Computers can't compare sentences the way we do. The trick is to convert each piece of text into a long list of numbers — a vector — positioned so that texts with similar meaning land close together. That conversion is called an embedding, and it's the engine under all of vector search.

Embedding — a list of numbers (a vector) that represents a piece of text's meaning. A model reads the text and outputs, say, 1,536 numbers. Texts about the same idea get nearby vectors; unrelated texts get distant ones — even when they share no words. "How do I get my money back?" and "refund policy" end up neighbors.

import { embed } from "ai" import { openai } from "@ai-sdk/openai" const { embedding } = await embed({ model: openai.embedding("text-embedding-3-small"), value: "How do I get my money back?", }) // embedding → [0.021, -0.044, 0.087, … ] (1536 numbers)

Each text becomes a point. "Refund" and "money back" sit together; "weather" sits far away.

Why this is powerful

Meaning, not keywords. Old search matched the exact word refund. Embeddings match the idea, so a question phrased completely differently still finds the right doc.
Distance = relatedness. Once everything is a point, "is this relevant?" becomes "how close are these two points?" — a fast math operation.
Do it once, reuse forever. You embed every document up front and store the vectors; at question time you only embed the short query.

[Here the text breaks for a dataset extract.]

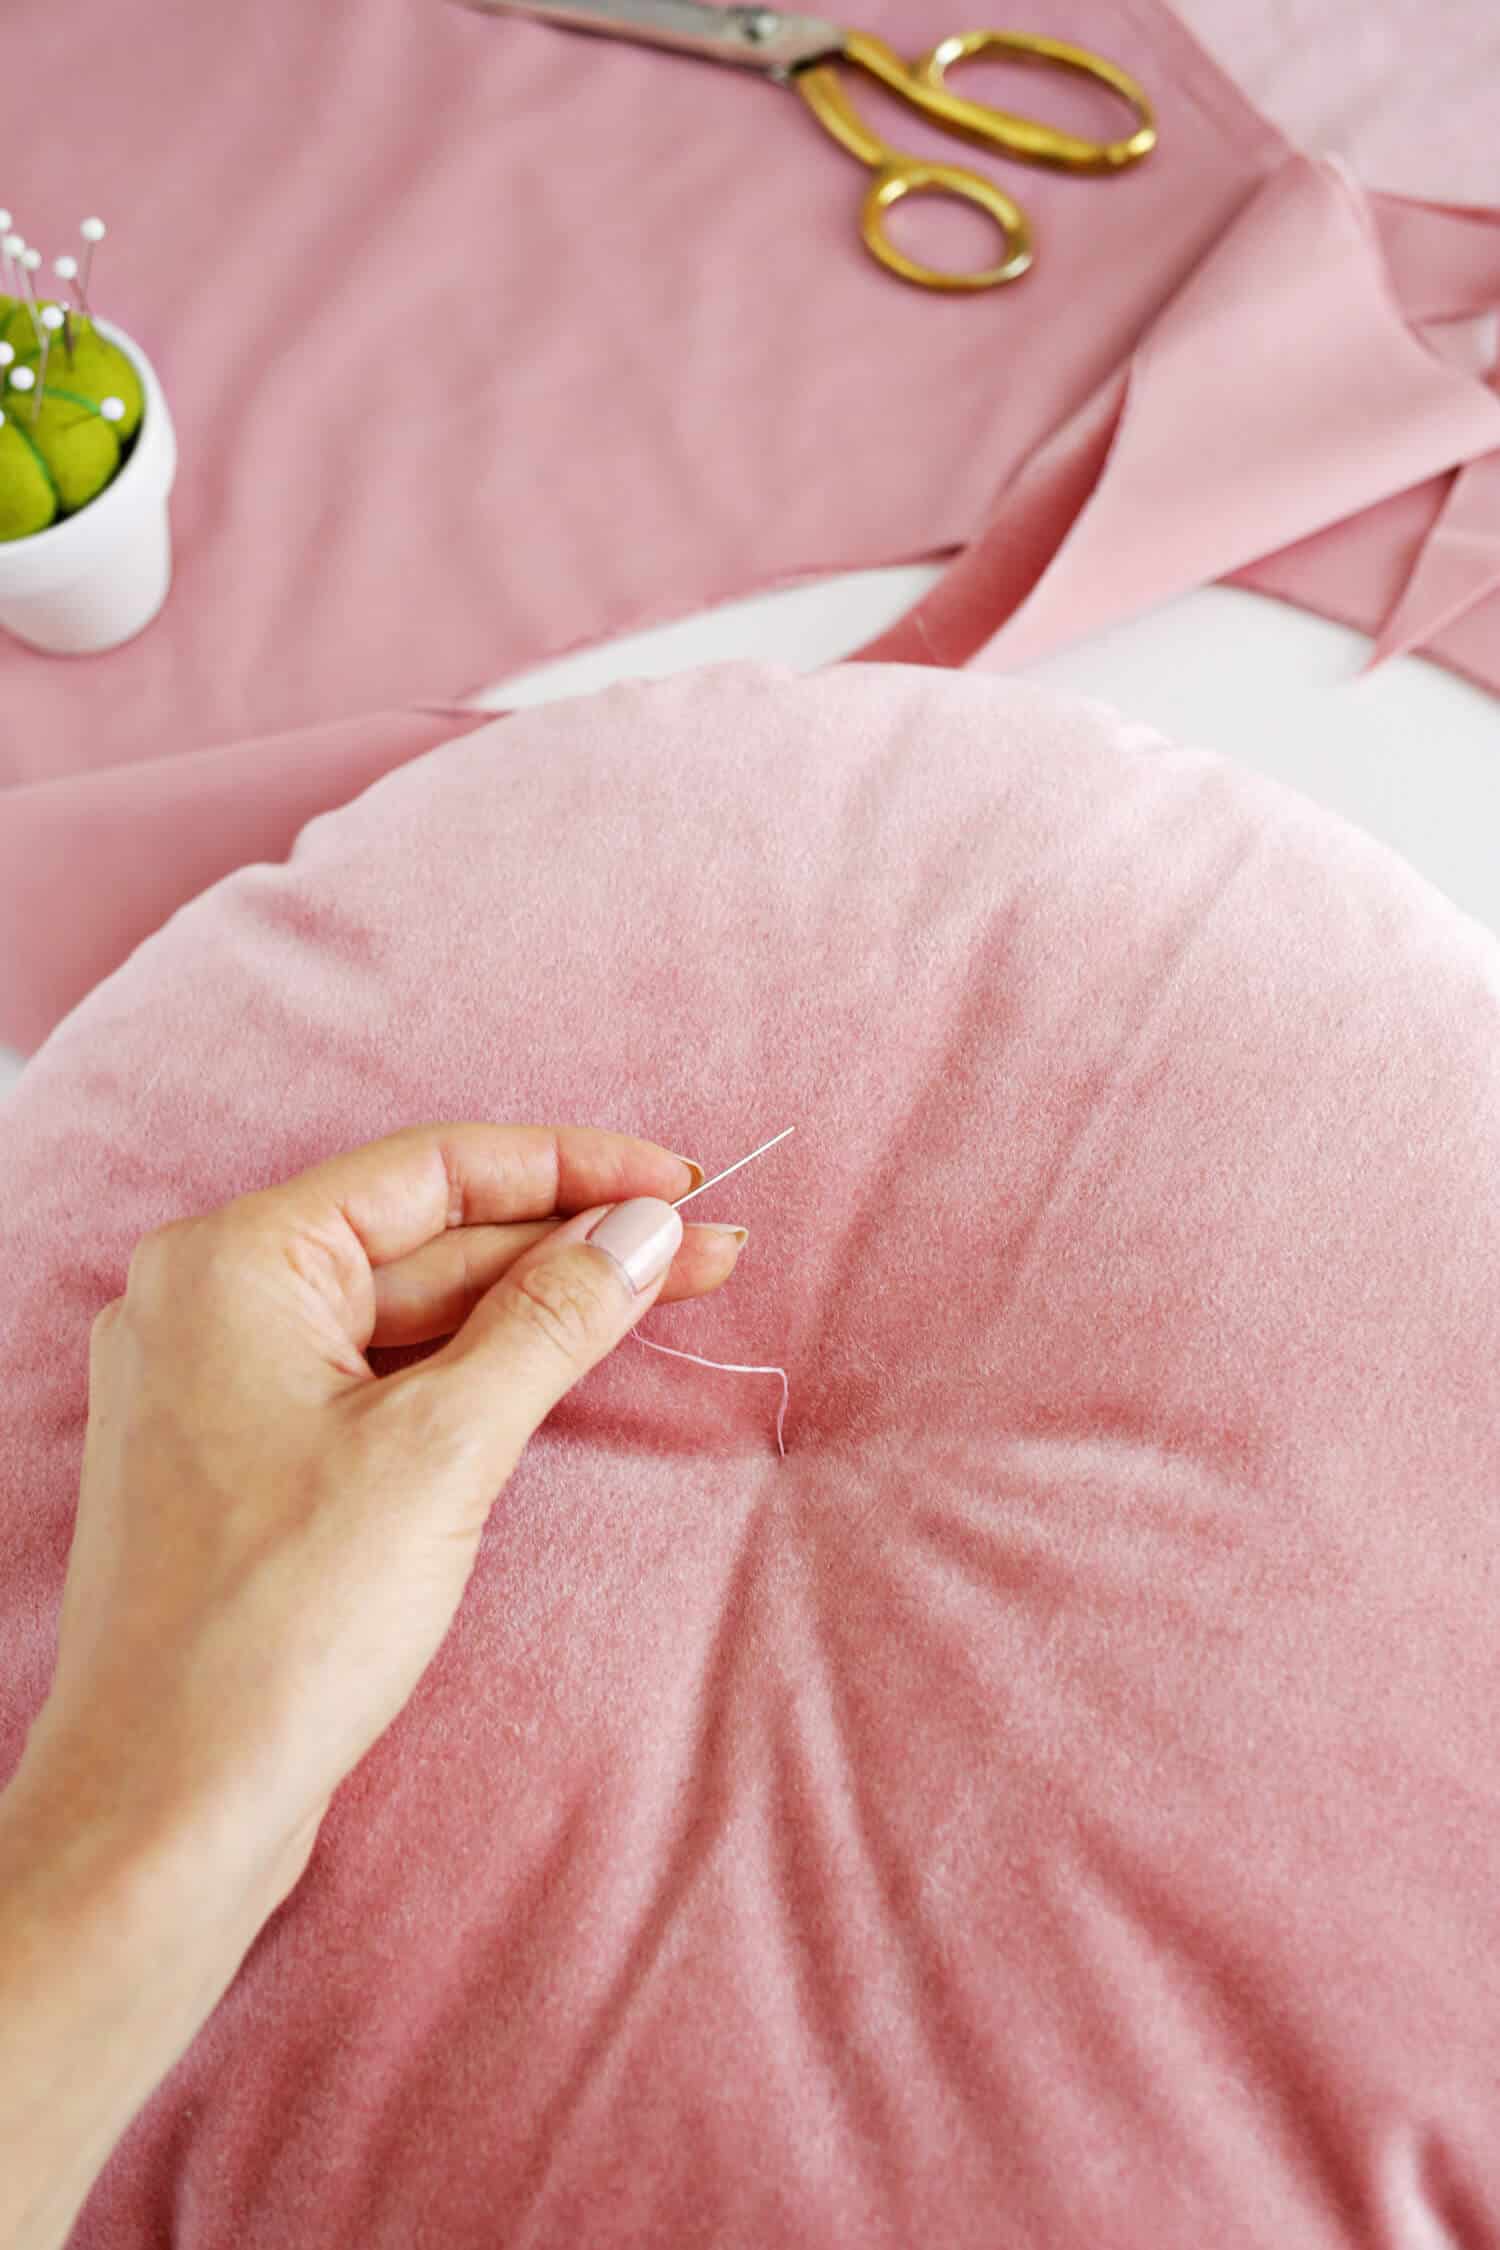 pink round pillow

Picking an embedding model

OpenAI (text-embedding-3) — strong default, simple API, pay per token.
Cohere (embed v3/v4) — great multilingual quality; also makes the reranker we'll meet in Part 5.
Open-source (e.g. BGE, E5, nomic) — run them yourself, no per-call cost, full data control.

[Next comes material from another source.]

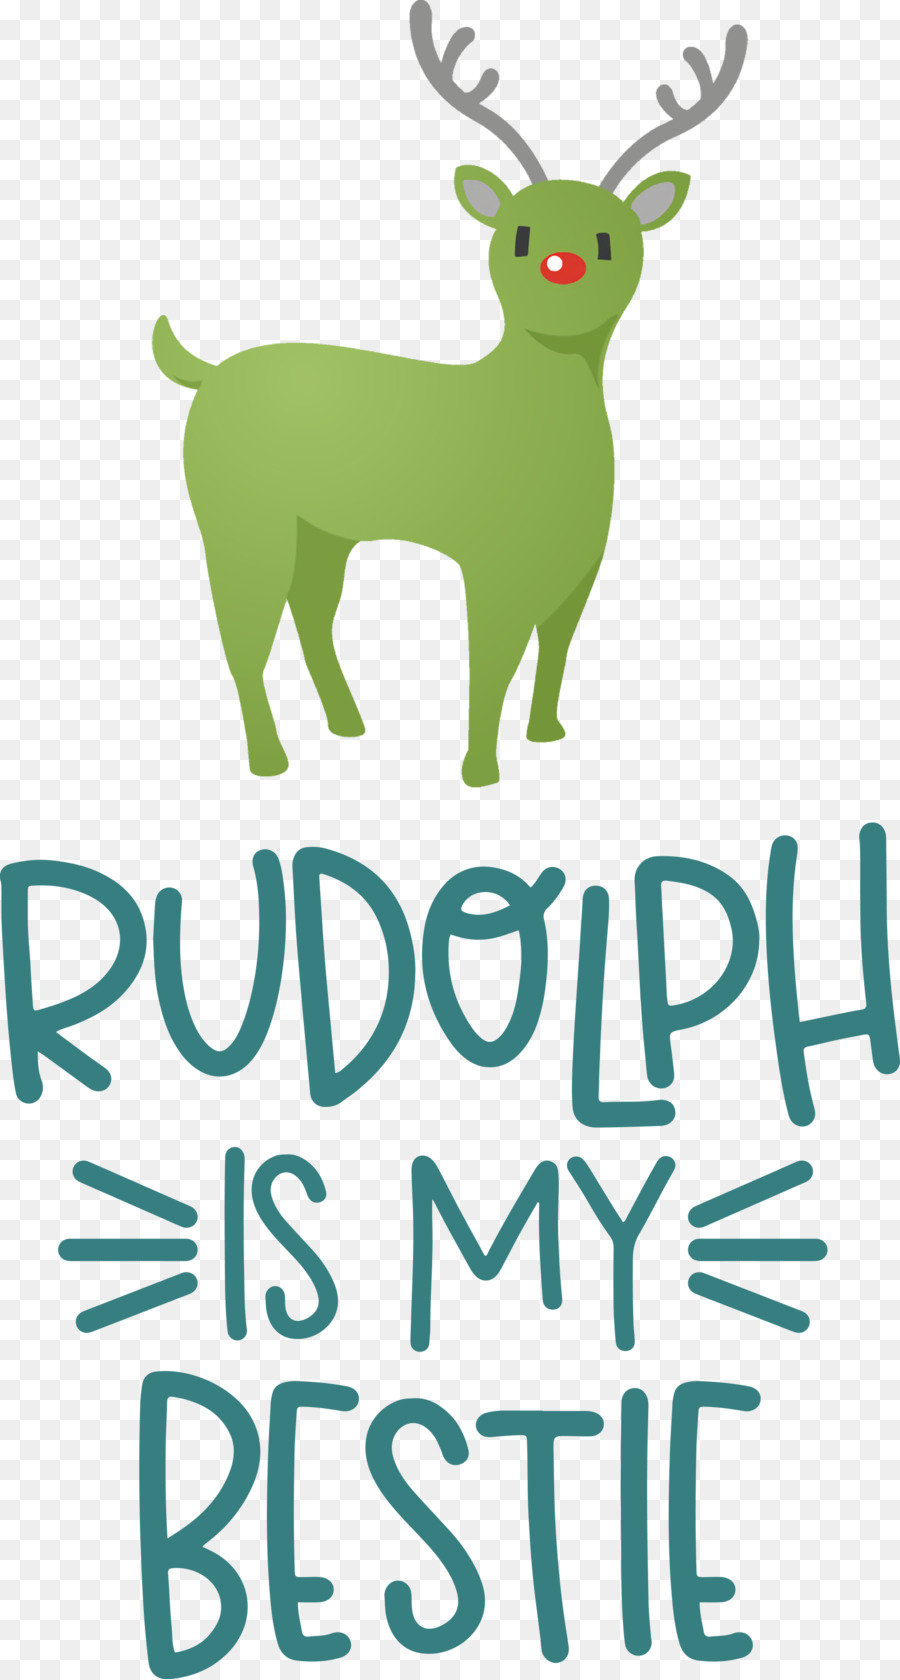 Rudolph is my bestie Rudolph Deer

One rule: embed your documents and your queries with the same model. Vectors from two different models don't live in the same space and can't be compared.

03 · Chunking 5 min

Split documents so retrieval
can actually find things.

You don't embed a whole 50-page handbook as one vector — that single point would be a blurry average of everything in it, and you'd have to feed the entire thing to the model. Instead you cut documents into small, focused pieces called chunks, and embed each one on its own.

Chunk — a small, self-contained slice of a document (a few paragraphs, say 300–800 words). Each chunk is embedded and stored separately, so search can return just the relevant slice instead of a whole file. Chunk size is a balance: too big and the vector is unfocused; too small and a single idea gets cut in half.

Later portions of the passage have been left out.